To make the raspberry jam, combine all the ingredients in a saucepan over medium heat then allow to come to a boil and cook for 10 minutes. To test if the jam is ready, spoon some of the jam onto a plate, allow to cool slightly and drag your finger through the mixture. If the liquid doesn't bleed into the line again, the jam is ready.
Transfer the jam to a sterilized jar and allow to cool completely.
To make the cookies, pre-heat the oven to 180°c and line two baking trays with baking paper.
Beat the butter and sugar together in a bowl until light and creamy then beat in the egg. Sift together the flour and baking powder and fold into the butter mixture. Mix until the dough comes together in a ball then bring together with your hands, making sure the dough has been mixed through.
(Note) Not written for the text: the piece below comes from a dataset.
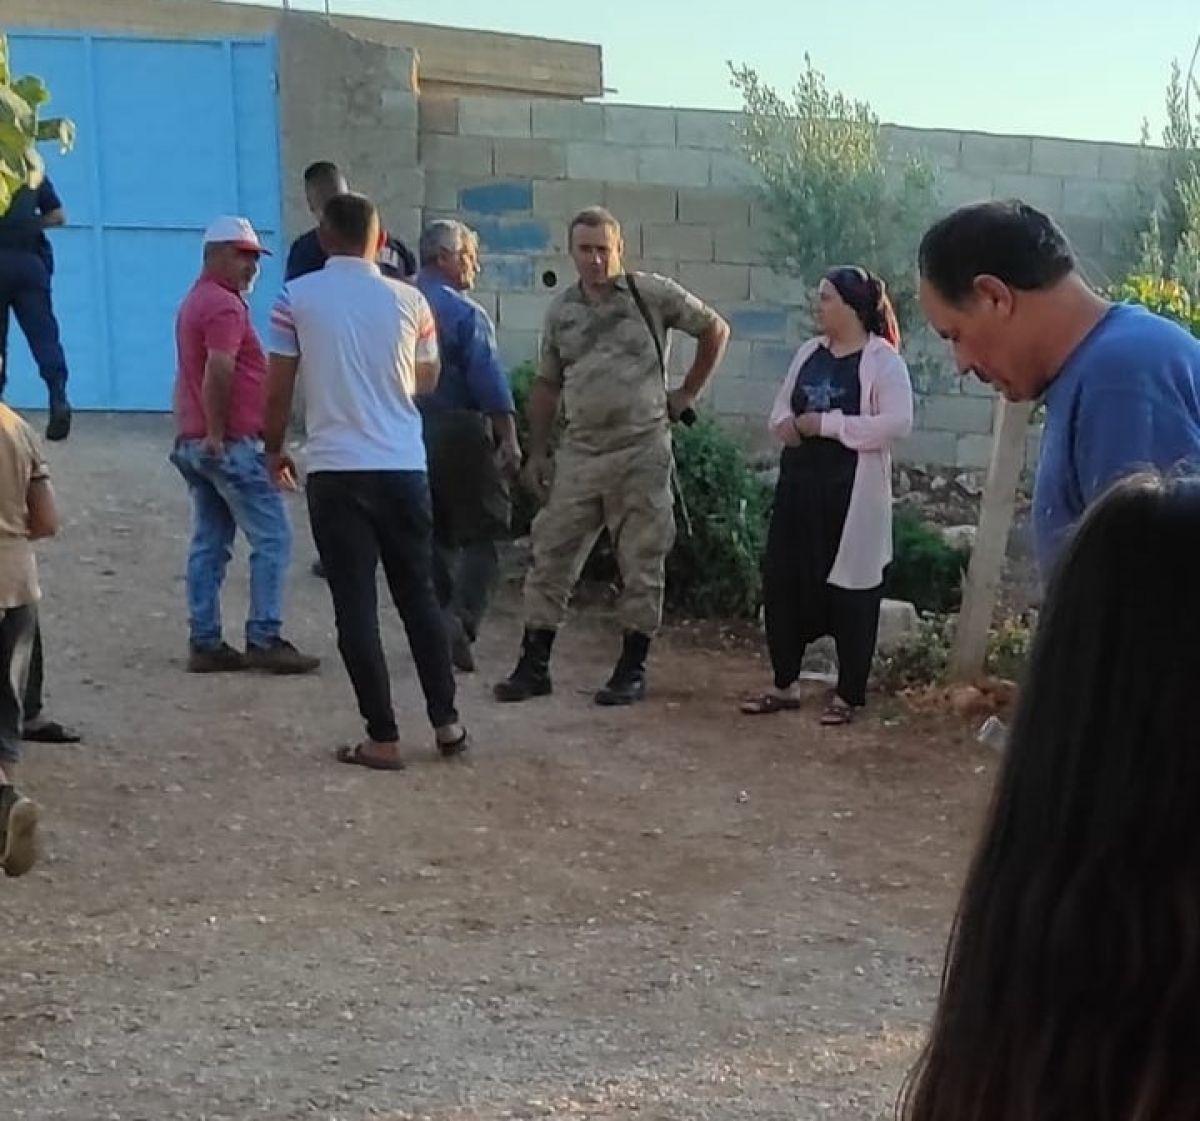 Gaziantep te eski damat dehşeti: Engelli kayınpederini dövdü #1

Form balls just smaller than the size of golf balls and place them on the baking trays. Flatten with a fork then place in the oven and allow to bake for 10-15 minutes or until the cookies are golden brown and cooked through.
Remove from the oven and allow to cool completely.
While the cookies cool, whip together the butter and sugar for the butter cream until light and fluffy. Add the cream and vanilla seeds and mix through.
Sandwich the cookies with a bit of the raspberry jam and the vanilla butter cream.
Place in the fridge to set for 10-20 minutes before serving.